Body size and the control of blood-borne heat exchange

Reptiles as a group span an enormous range of body sizes, and this variation imposes serious constraints on how effectively reptiles can control heat exchange with blood flow.

For many years, the conventional wisdom held that large reptiles would rely ever more strongly on blood-borne heat exchange to control body temperature. This was thought to be dictated by the physics of heat transfer within bodies: if heat had to flow over longer distances, as it would in larger animals, heat borne by blood flow would become an ever larger component of the total heat flow. This dogma led many people to believe that very large reptiles, like large crocodilians or dinosaurs, were especially adept at controlling body temperature with circulation.

This dogma did not account for the complexities of blood-borne heat transfer within the body and how it interacts with heat flow from the surface to the environment, such as how it is limited by boundary layer resistances. Accounting for these complexities produces an optimum body size for the ability to regulate body temperature by blood-borne heat exchange. For animals in air, this optimum size is a little over 5 kg. For animals living in water, the optimum size is much larger, on the order of 100 kg or so.

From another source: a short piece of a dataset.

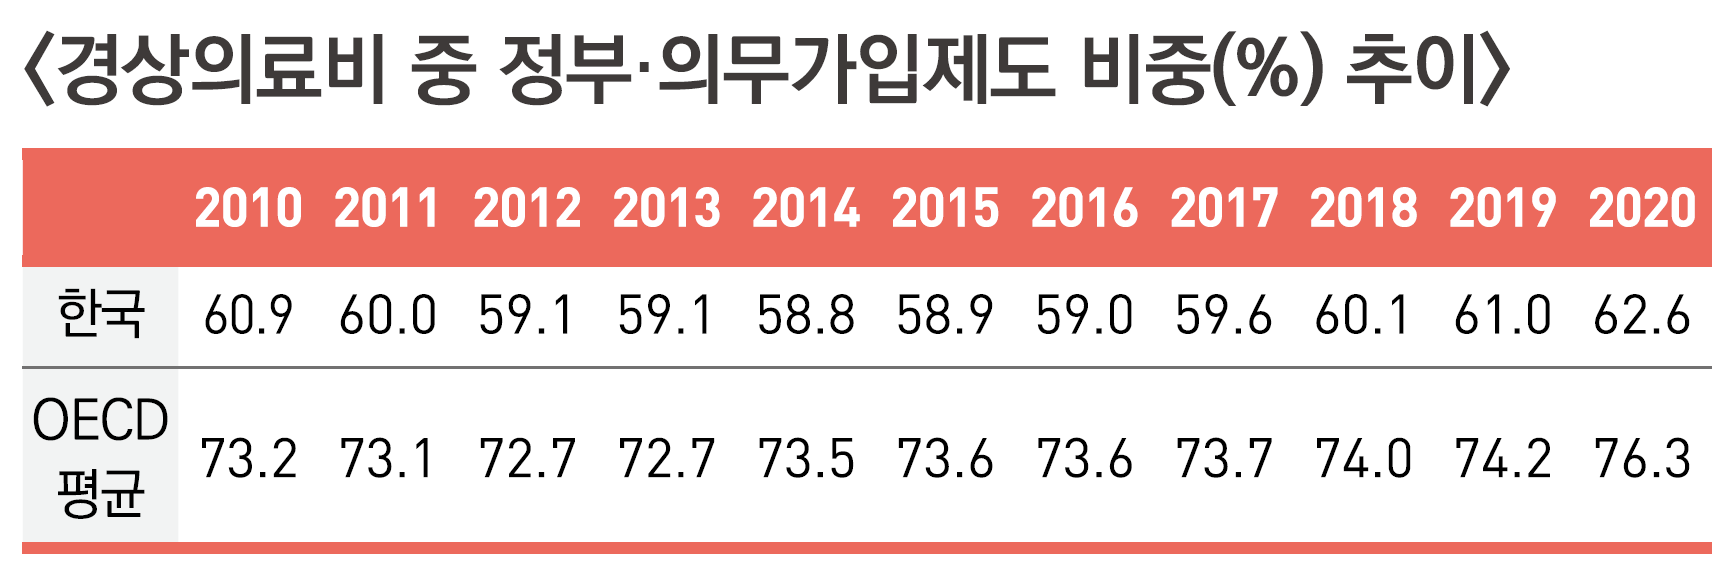 〈복지부, 한국보건사회연구원 2022〉자료 중 발췌
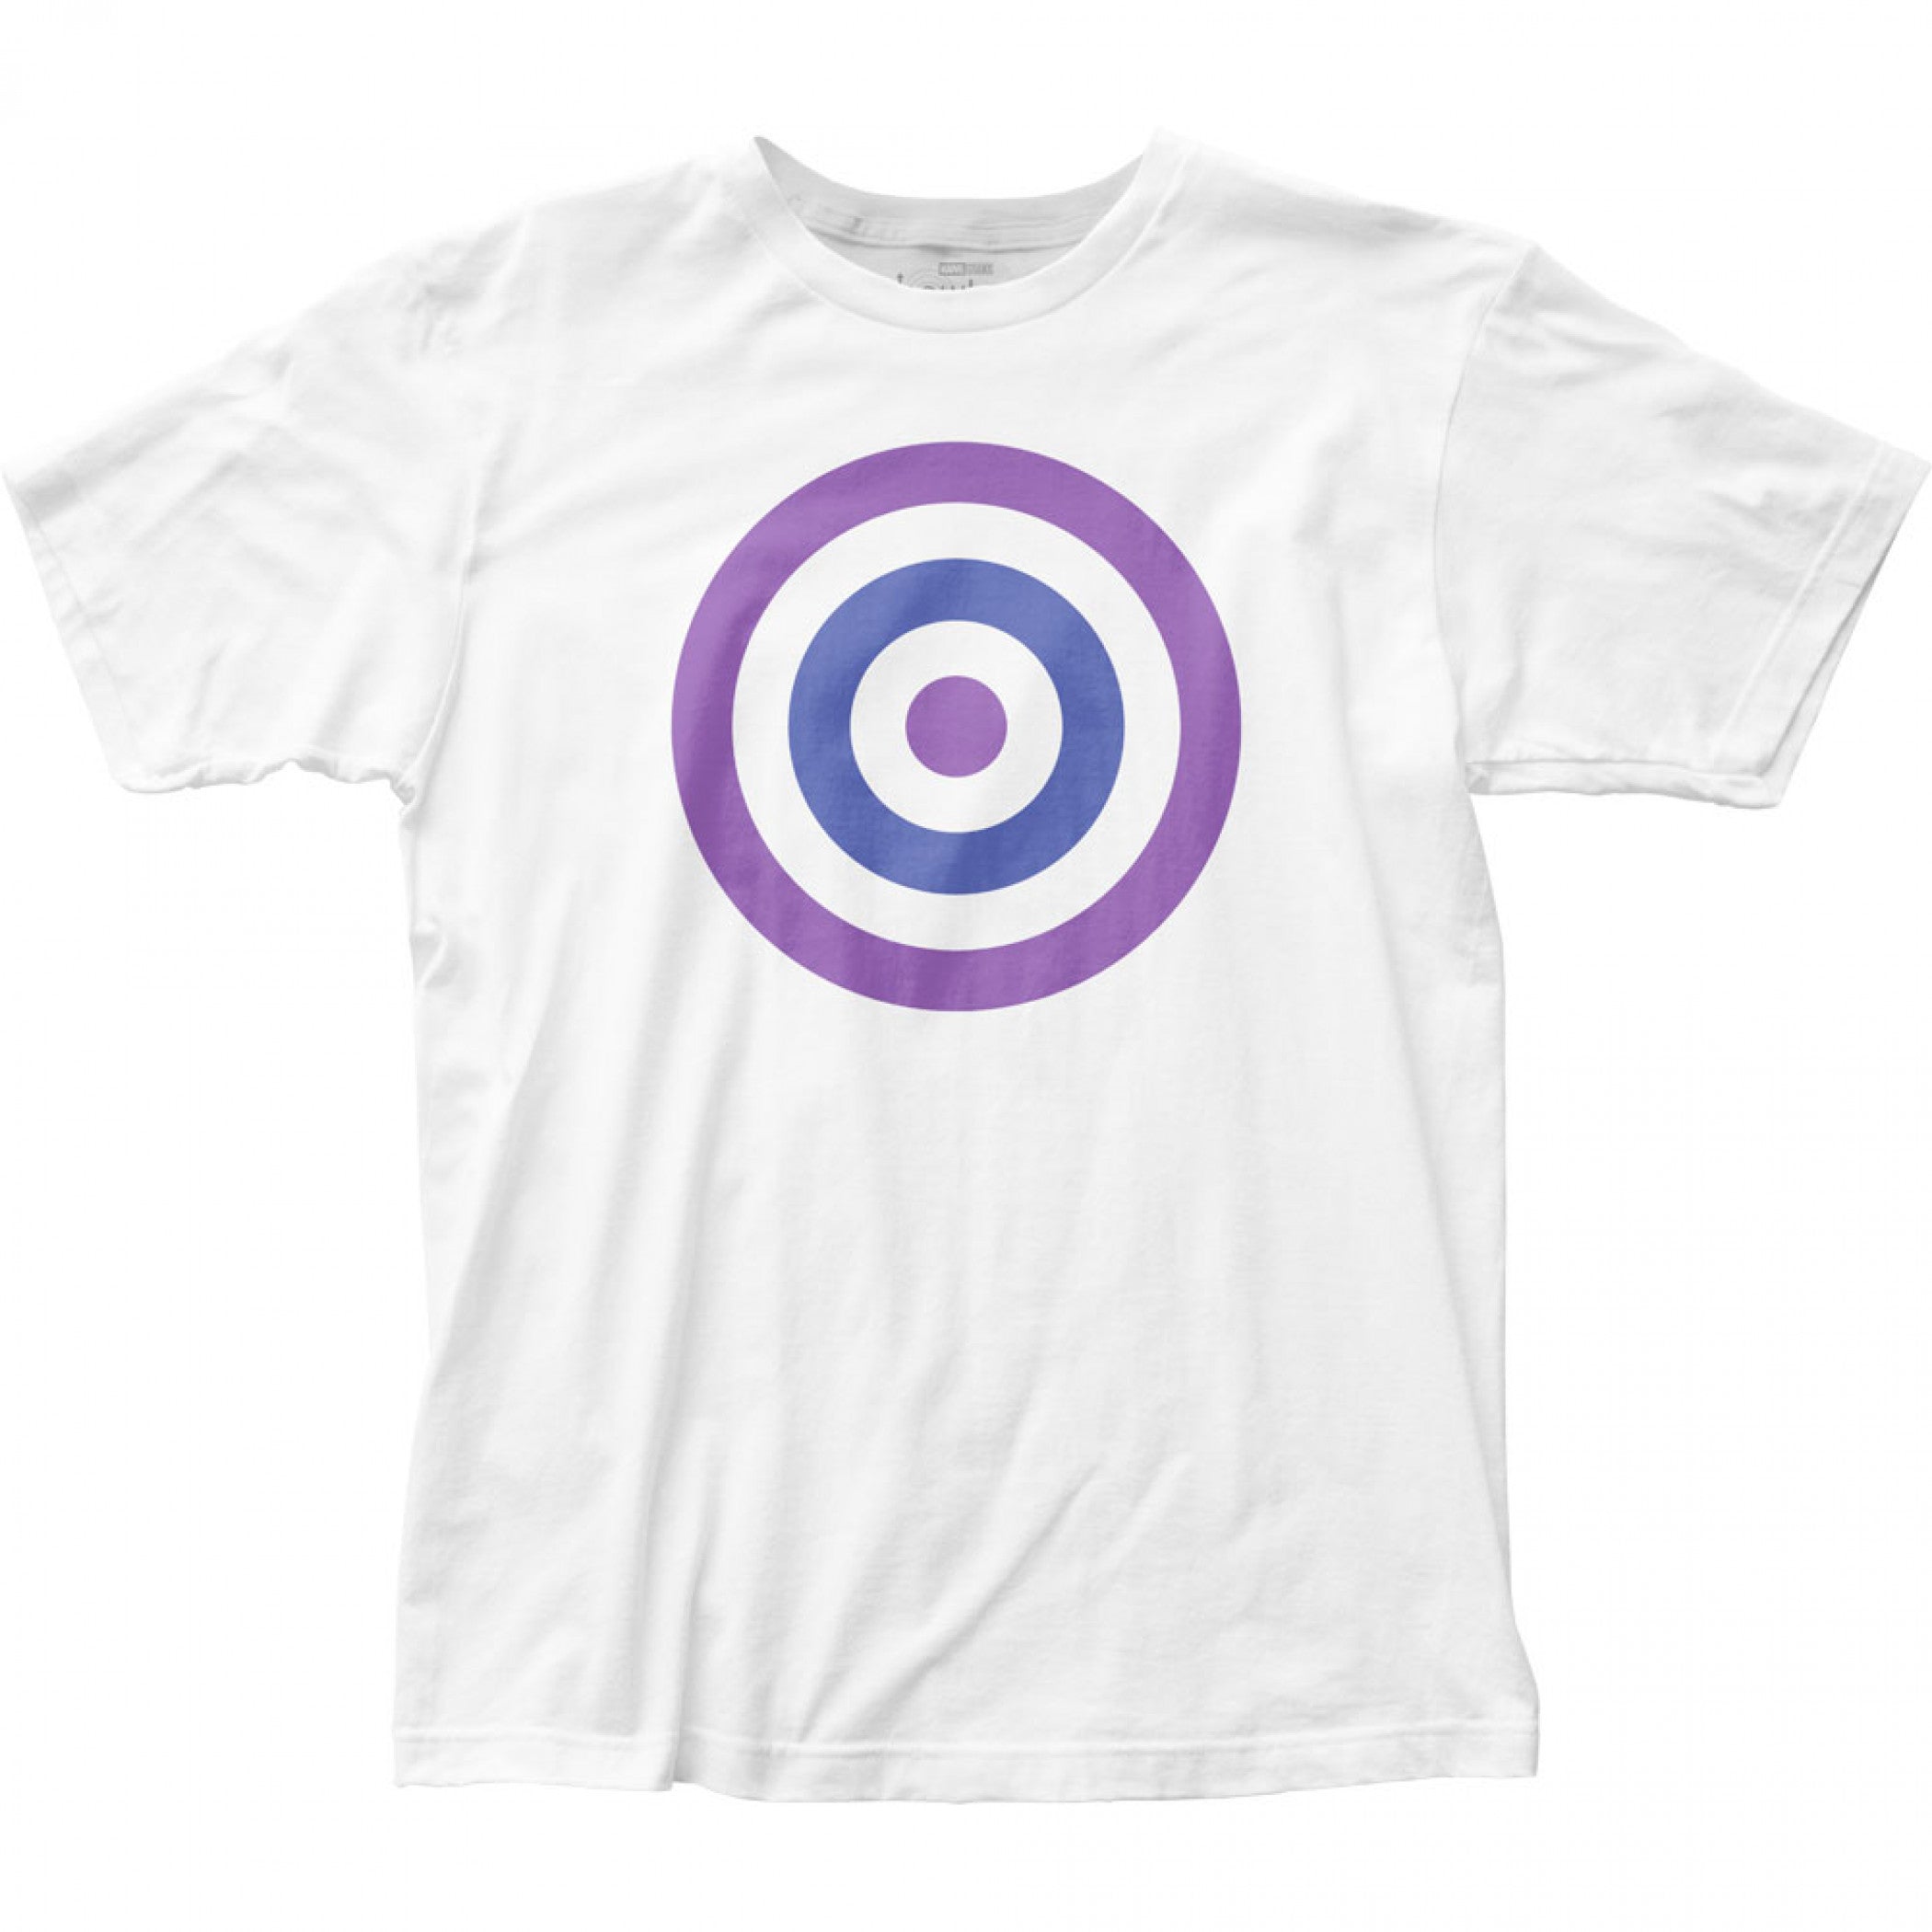 title:Marvel Studios Hawkeye Series Bullseye Symbol White T-Shirt;color:White

This may explain why large reptiles today are largely aquatic and terrestrial reptiles are smaller. It also helps expalin the odd appendages like crests and sails that decorated extinct reptiles like Stegosaurus or mammal-like reptiles like Dimetrodon. Dick Tracy and I did calculations to show these structures could act as very effective heat exchange fins, allowing animals with crests to heat their bodies up to high temperatures much faster than animals without them.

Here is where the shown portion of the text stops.